Contrary to Ruffman et al.’s (2008) findings that older adults performed similarly to younger adults in identifying fearful, disgusted, and surprised prosody, our results indicated challenges for older adults in these affective prosodies as well (Hedges’ g = -0.96 for fear, -1.03 for disgust, -0.62 for surprise). Thus, our findings did not support the notion that recognition abilities for the other three affective prosodies were preserved in older adults. Instead, we suggested that all affective prosodies exhibited varying degrees of decline, potentially due to the inclusion of a greater number of studies in the current analysis.
Our results indicated that the elderly group has difficulties in APR across all six basic emotions. The largest effect size was observed in anger (-1.15, favoring the younger group), with happiness showing the smallest effect size (-0.56, favoring the younger group). Considering the observed decline in all emotions, we chose the effect size of neutral prosody (Hedges’ g = -0.65) as the baseline to assess the extent of the decline in basic emotions. Compared to the neutral prosody, older adults exhibited greater difficulties in recognizing angry, fearful, disgusted, and sad prosody, while showing relatively preserved recognition abilities for happy and surprised prosody. Notably, surprise was not an inherently positive emotion since it can also convey negative emotion in an unpleasant manner (Hunter et al., 2010; Ruffman et al., 2008), but most studies included in this meta-synthesis employed pleasant surprise (4 out of 6). When we specifically examined positive surprise, the effect size diminished (Hedges’ g = -0.39), indicating an even stronger recognition ability for positive surprise prosody among older adults.

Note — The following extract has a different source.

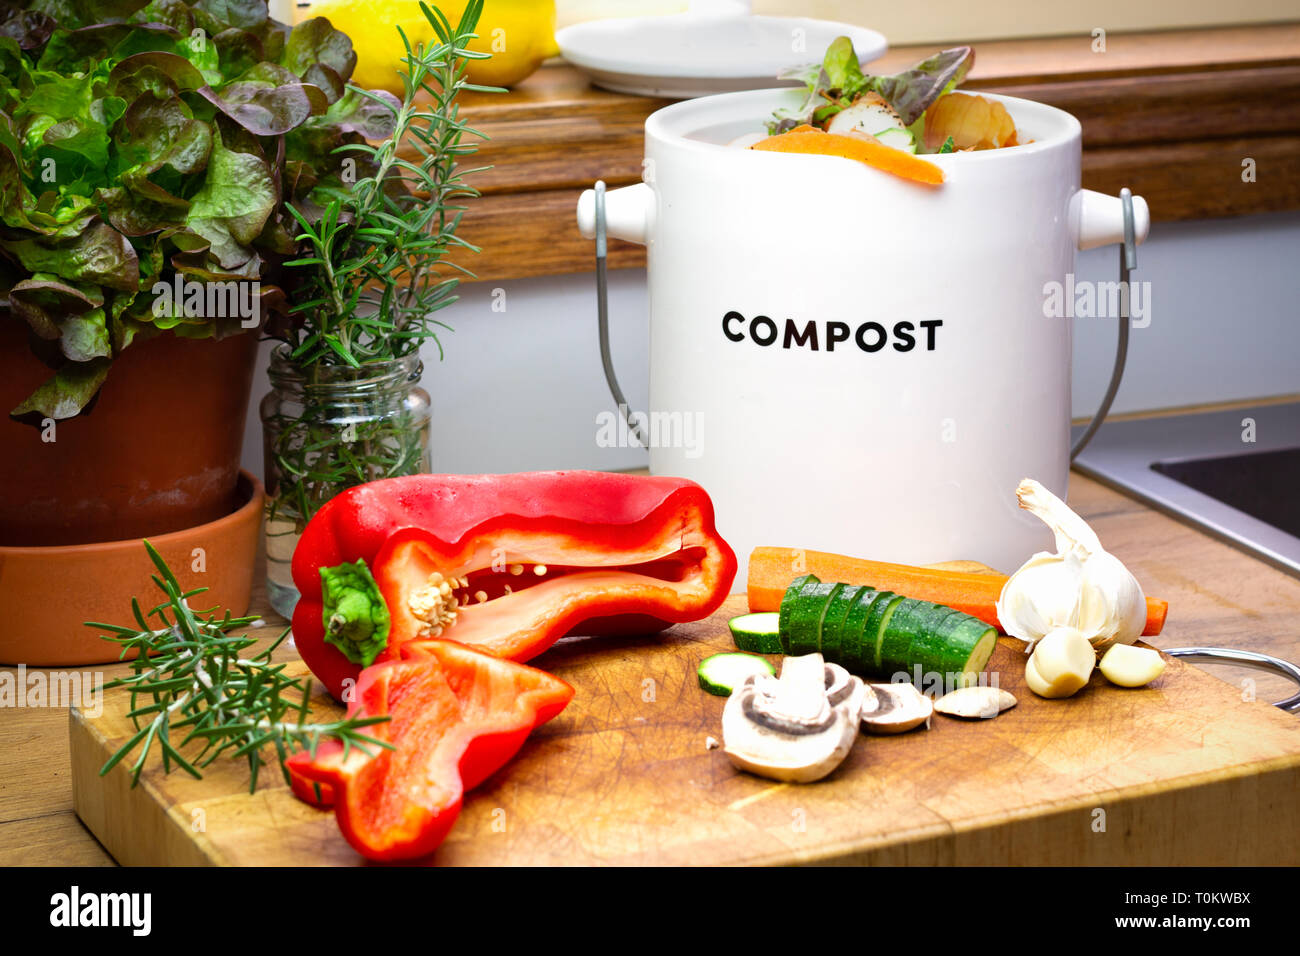 Food waste recycling kitchen, food waste from food preparation collected for recycling in kitchen compost collecting container with chopped vegetables Stock Photo

4.2.2. Positivity bias in older adults
One important finding of our meta-analysis is that the effect sizes for positive prosody were lower than those for negative prosody. This is in contrast to the prior meta-analysis (Ruffman et al., 2008) that did not show a positivity bias in the auditory domain of emotion recognition. It is important to note that the positivity bias in older adults did not imply superior or equivalent performance compared to younger individuals. Instead, it suggested a relative preservation of recognition abilities for positive prosody compared to neutral stimuli, albeit still inferior to the younger adults.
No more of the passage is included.